K3s Ansible Deployment for Raspberry Pi CM4/CM5
Ansible playbook to deploy a k3s Kubernetes cluster on Raspberry Pi Compute Module 4 and 5 devices.
Prerequisites
- Raspberry Pi CM4/CM5 modules running Raspberry Pi OS (64-bit recommended)
- SSH access to all nodes
- Ansible installed on your control machine
- SSH key-based authentication configured
Project Structure
k3s-ansible/
├── ansible.cfg # Ansible configuration
├── site.yml # Main playbook
├── inventory/
│ └── hosts.ini # Inventory file
├── manifests/
│ └── nginx-test-deployment.yaml # Test nginx deployment
└── roles/
├── prereq/ # Prerequisites role
│ └── tasks/
│ └── main.yml
├── k3s-server/ # K3s master/server role
│ └── tasks/
│ └── main.yml
├── k3s-agent/ # K3s worker/agent role
│ └── tasks/
│ └── main.yml
└── k3s-deploy-test/ # Test deployment role
└── tasks/
└── main.yml
Configuration
1. Update Inventory
Edit inventory/hosts.ini and add your Raspberry Pi nodes:
[master]
pi-master ansible_host=192.168.30.100 ansible_user=pi
[worker]
pi-worker-1 ansible_host=192.168.30.102 ansible_user=pi
pi-worker-2 ansible_host=192.168.30.103 ansible_user=pi
pi-worker-3 ansible_host=192.168.30.104 ansible_user=pi
2. Configure Variables
In inventory/hosts.ini, you can customize:
k3s_version: K3s version to install (default: v1.28.3+k3s1)extra_server_args: Additional arguments for k3s serverextra_agent_args: Additional arguments for k3s agentextra_packages: List of additional packages to install on all nodes
3. Customize Extra Packages (Optional)
The playbook can install additional system utilities on all nodes.
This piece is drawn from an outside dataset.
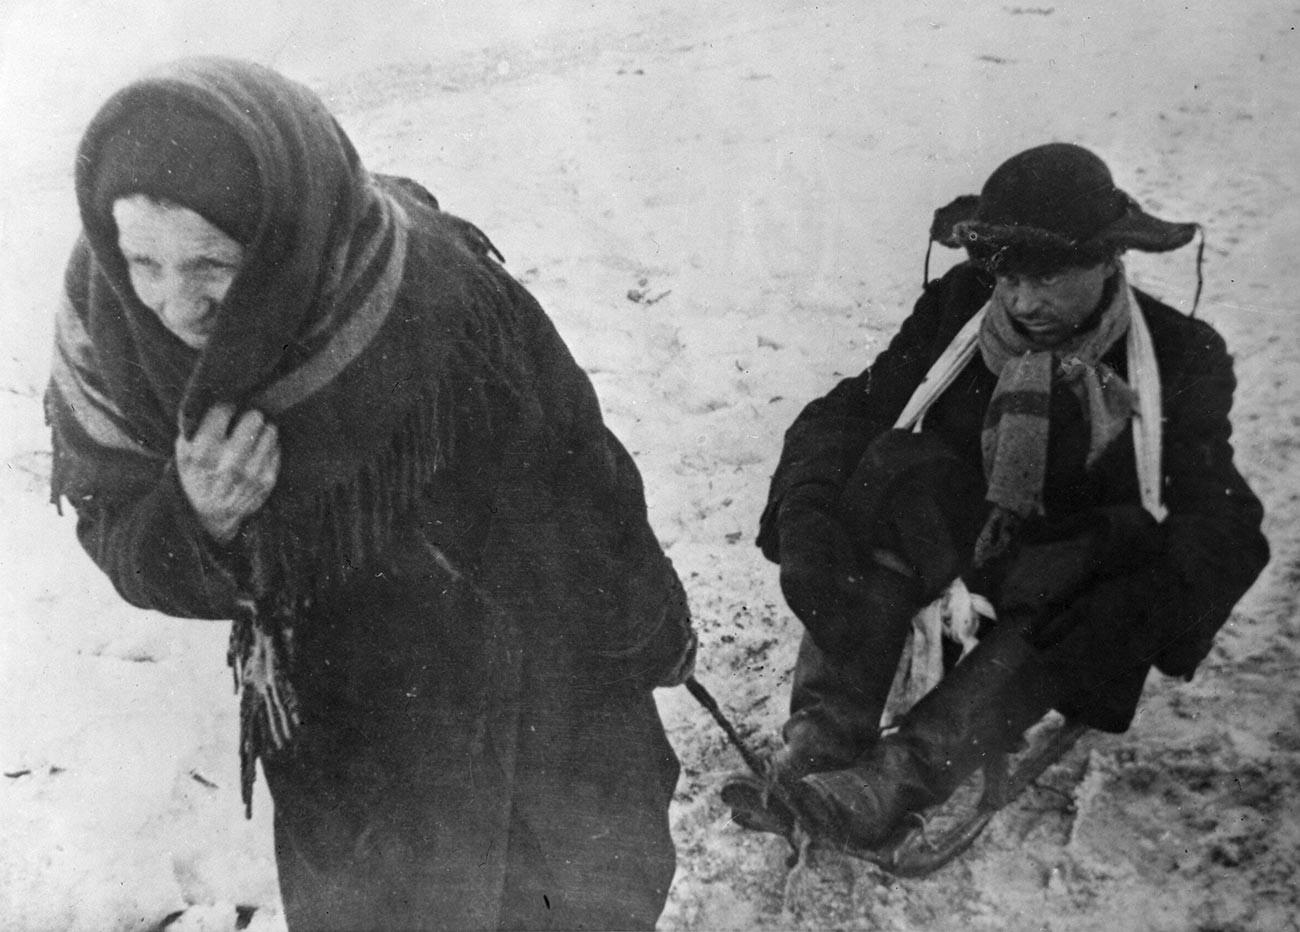 Ženska pelje na sankah moža, oslabelega zaradi lakote, v obleganem Leningradu med drugo svetovno vojno
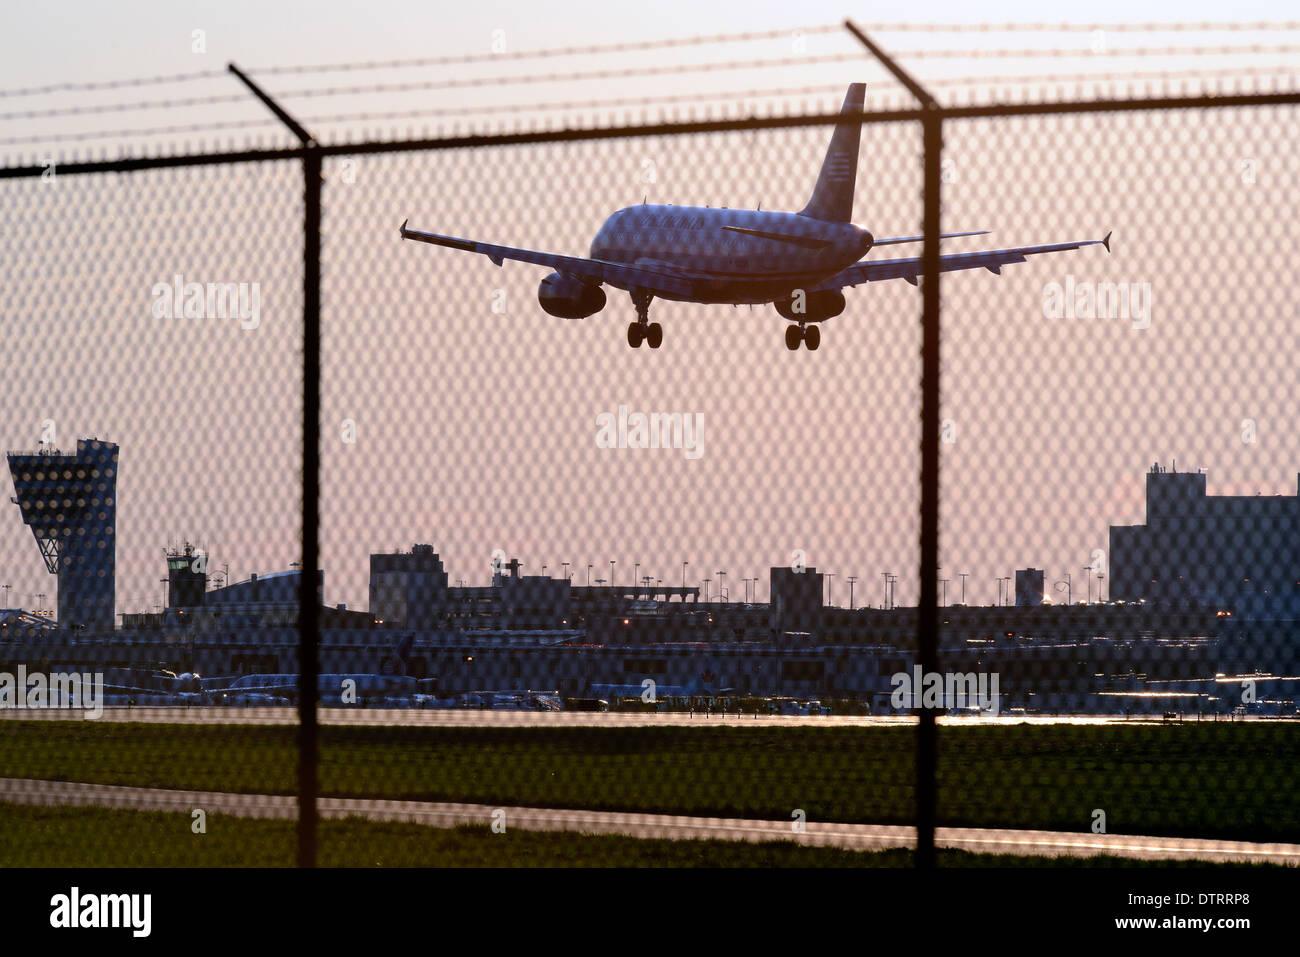 Flugreisen Sie in Philadelphia International Airport in Philadelphia, Pennsylvania. Stockbild

Edit the extra_packages variable in inventory/hosts.ini:
# Comma-separated list of packages
extra_packages=btop,vim,tmux,net-tools,dnsutils,iotop,ncdu,tree,jq
Included packages:
btop- Better top, modern system monitorvim- Text editortmux- Terminal multiplexernet-tools- Network tools (ifconfig, netstat, etc.)dnsutils- DNS utilities (dig, nslookup)iotop- I/O monitorncdu- Disk usage analyzertree- Directory tree viewerjq- JSON processor
To add packages, append them to the comma-separated list. To disable extra packages entirely, comment out or remove the extra_packages line.
Usage
Test Connectivity
ansible all -m ping
Deploy K3s Cluster
ansible-playbook site.yml
This will deploy the full k3s cluster with the test nginx application.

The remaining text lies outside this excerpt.